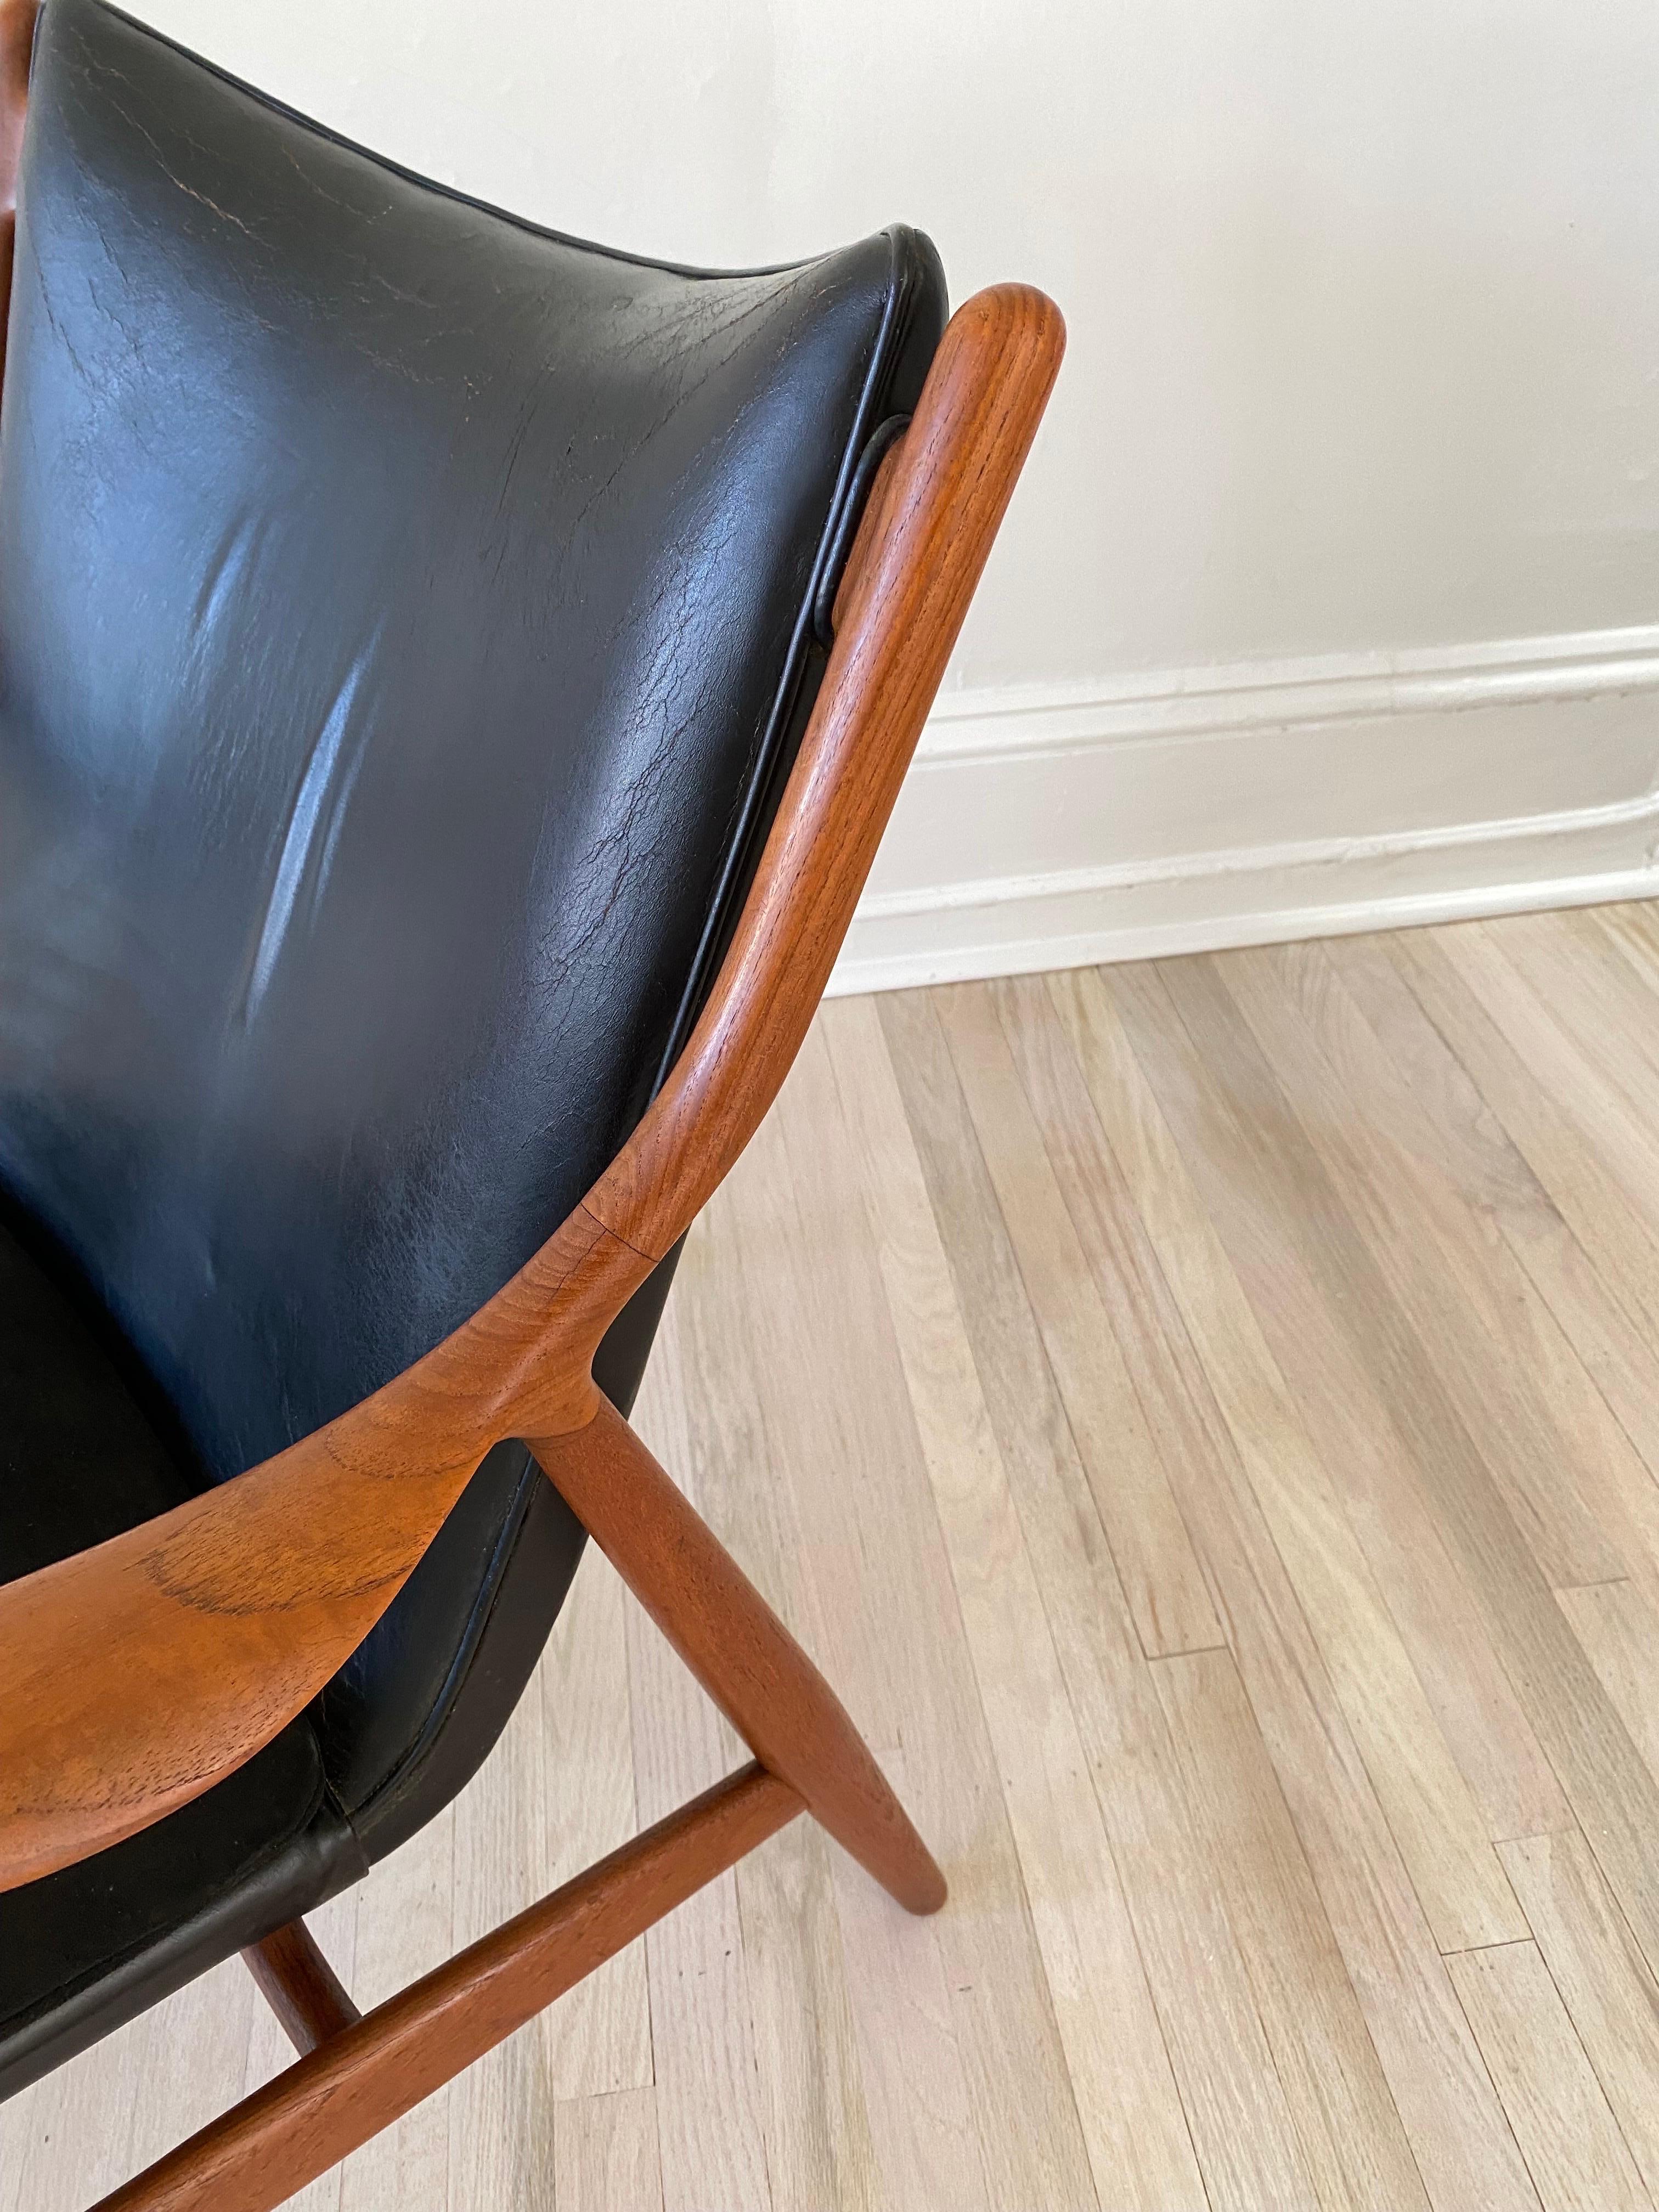 Finn Juhls original NV45 Sessel. Schwarzes Leder mit dem originalen schwarzen Wildledersitzkissen. Er wird oft als der schönste Stuhl bezeichnet, der je entworfen wurde, und ist wahrscheinlich Juhls Meisterwerk! Der Stuhl behält seine ursprünglichen
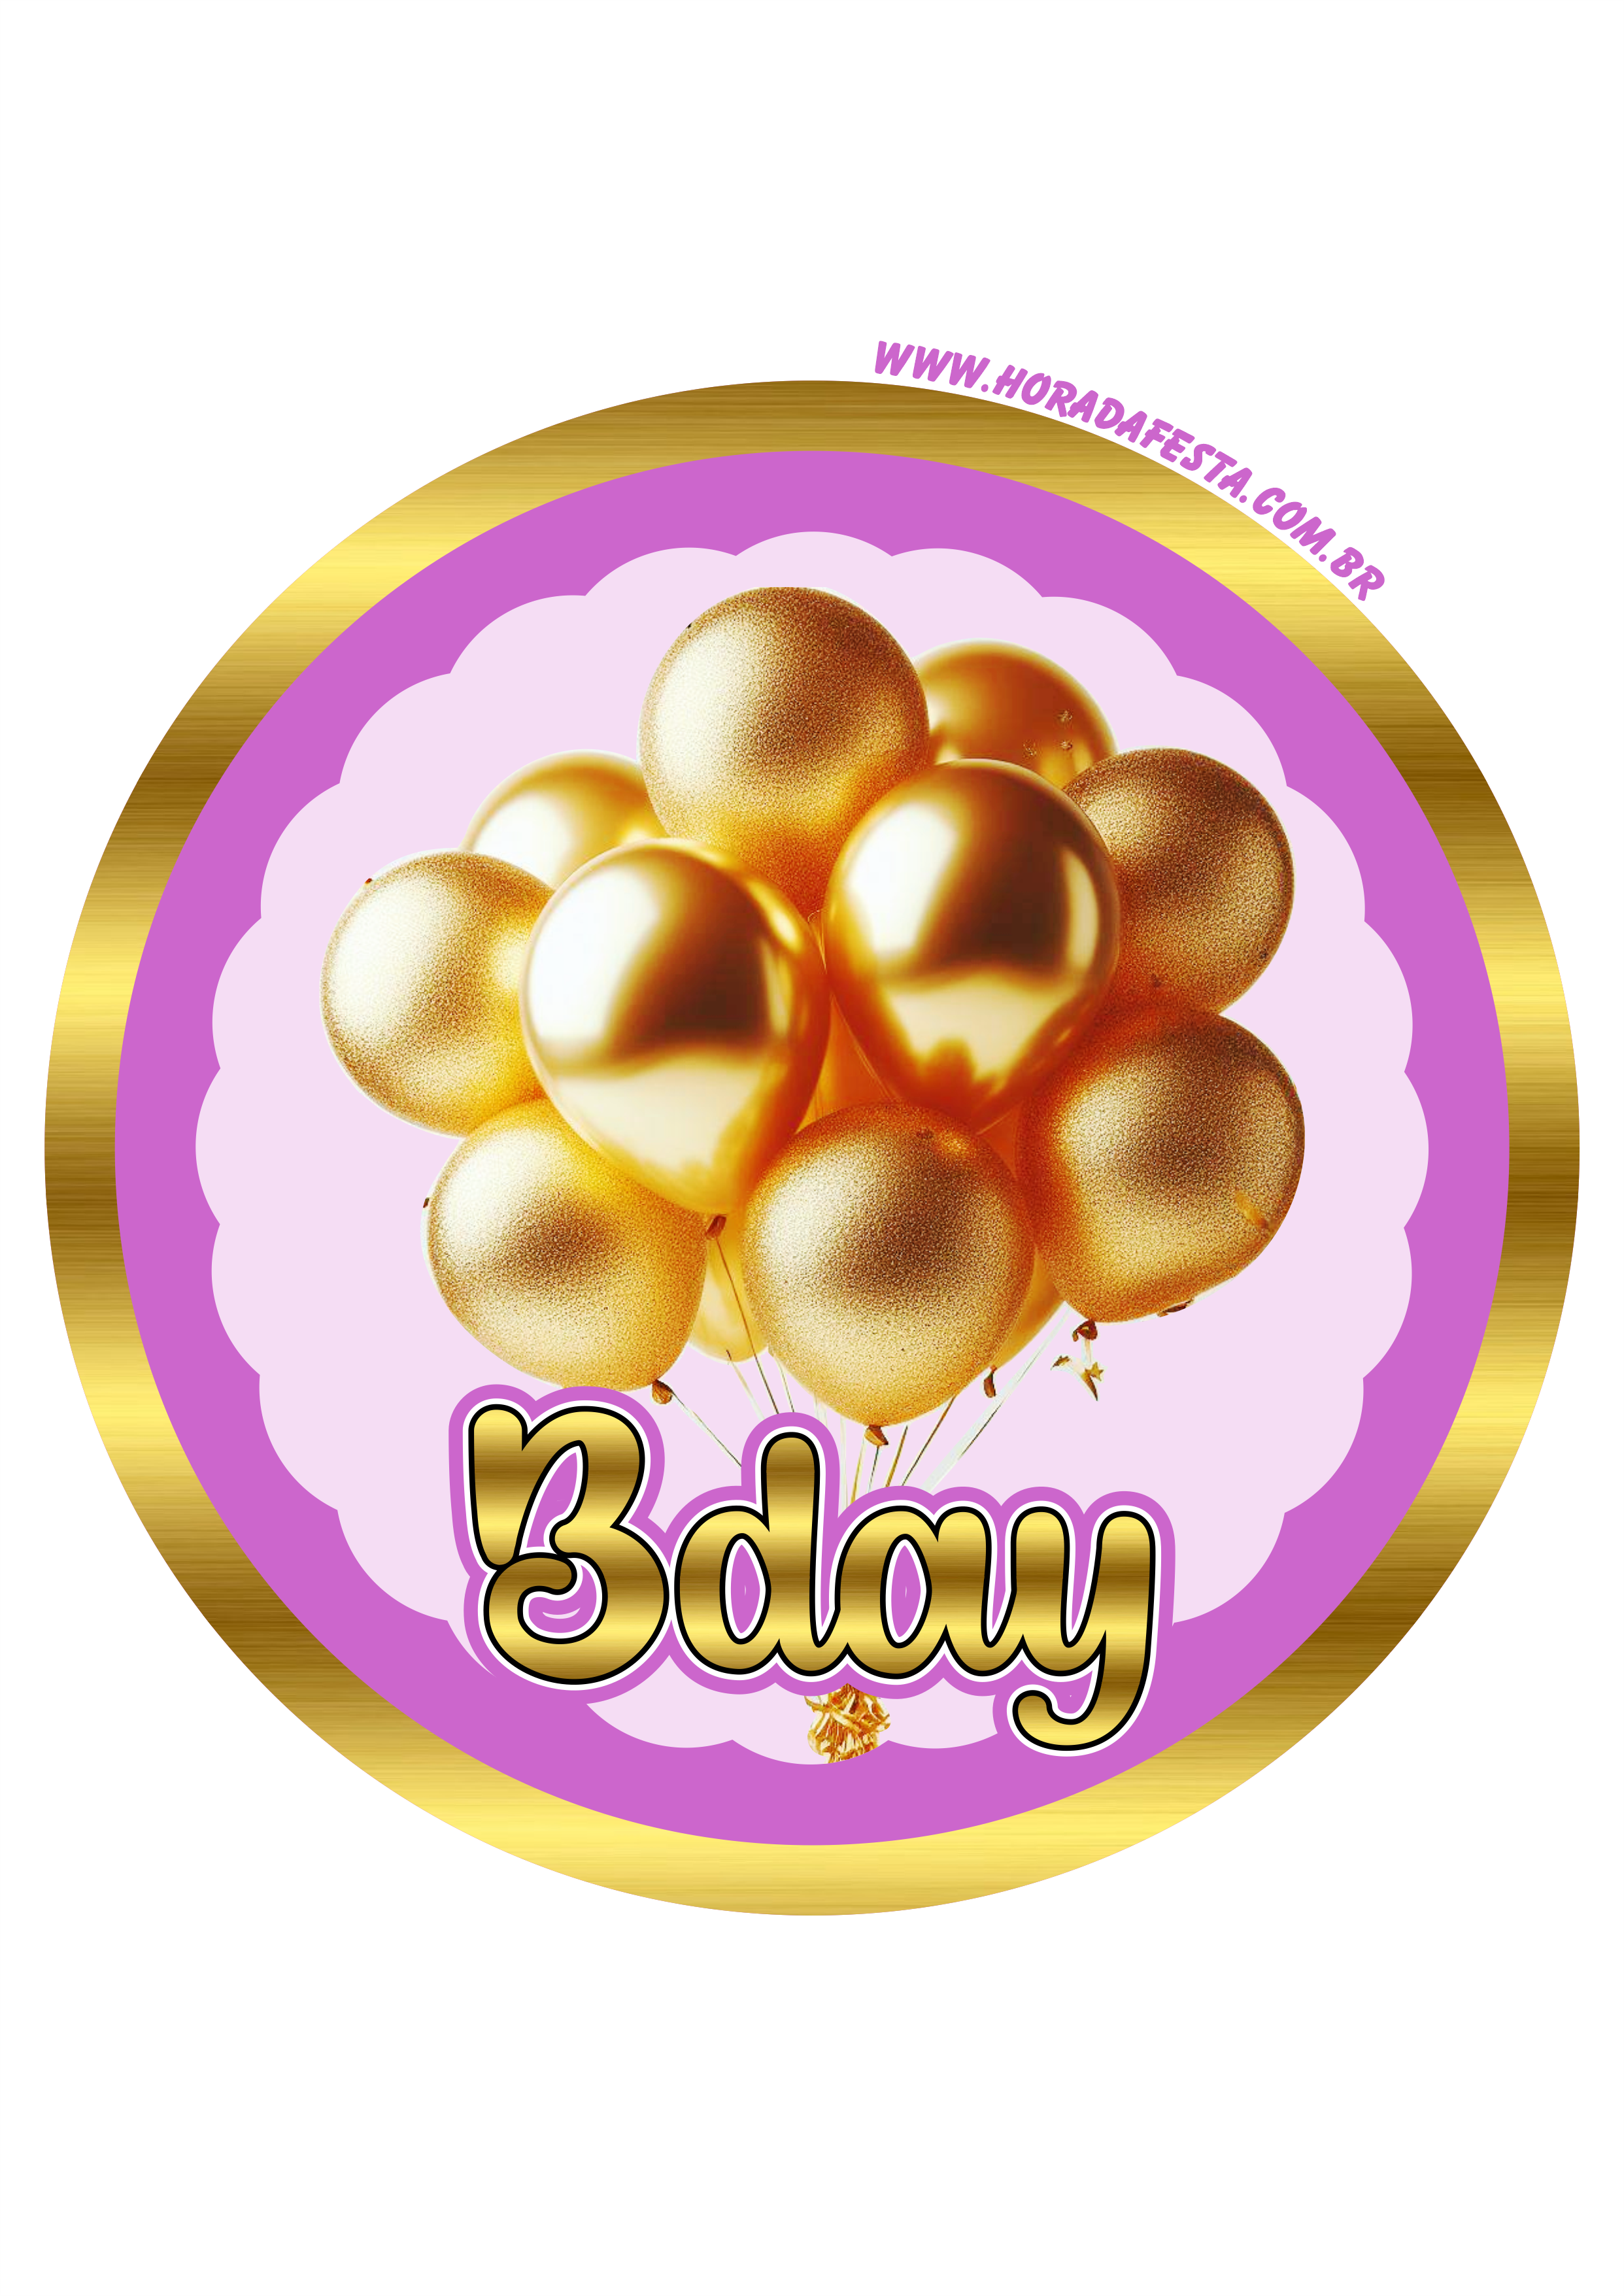 Bday dourado adesivo redondo para decoração de festa de aniversário happy birthday png
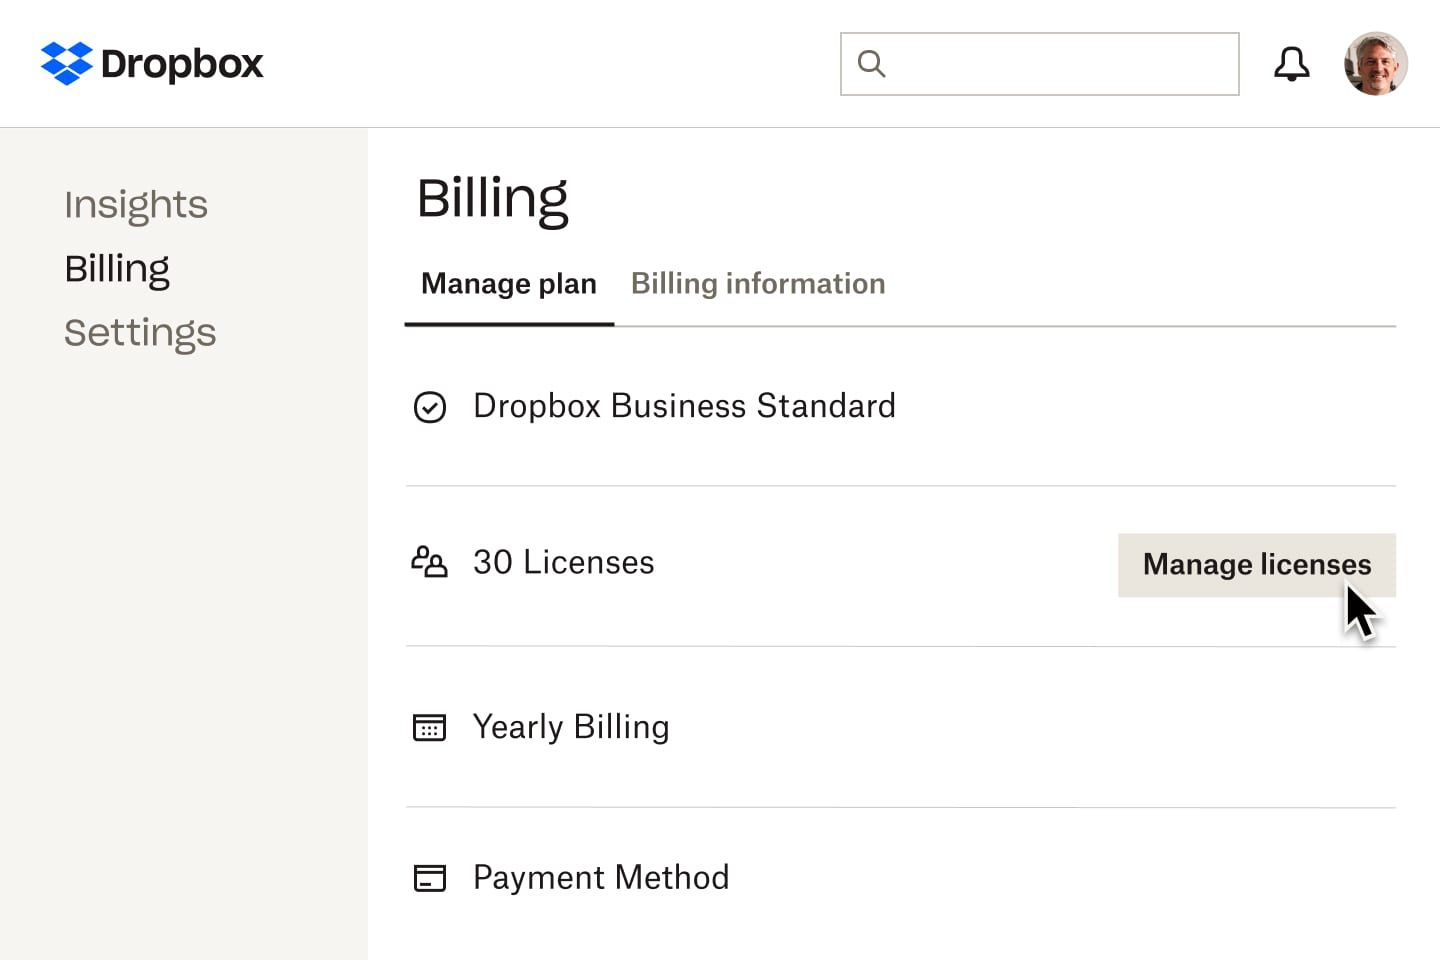 La vista de facturación en Dropbox que muestra el tipo de suscripción de un usuario, cuántas licencias están asociadas a la cuenta, el calendario de facturación y el método de pago

Problem → An exact copy of the listing is required; return it without any pictures.

Problem solution →
 Finn Juhls original NV45 Sessel. Schwarzes Leder mit dem originalen schwarzen Wildledersitzkissen. Er wird oft als der schönste Stuhl bezeichnet, der je entworfen wurde, und ist wahrscheinlich Juhls Meisterwerk! Der Stuhl behält seine ursprünglichen
 Bday dourado adesivo redondo para decoração de festa de aniversário happy birthday png
 La vista de facturación en Dropbox que muestra el tipo de suscripción de un usuario, cuántas licencias están asociadas a la cuenta, el calendario de facturación y el método de pago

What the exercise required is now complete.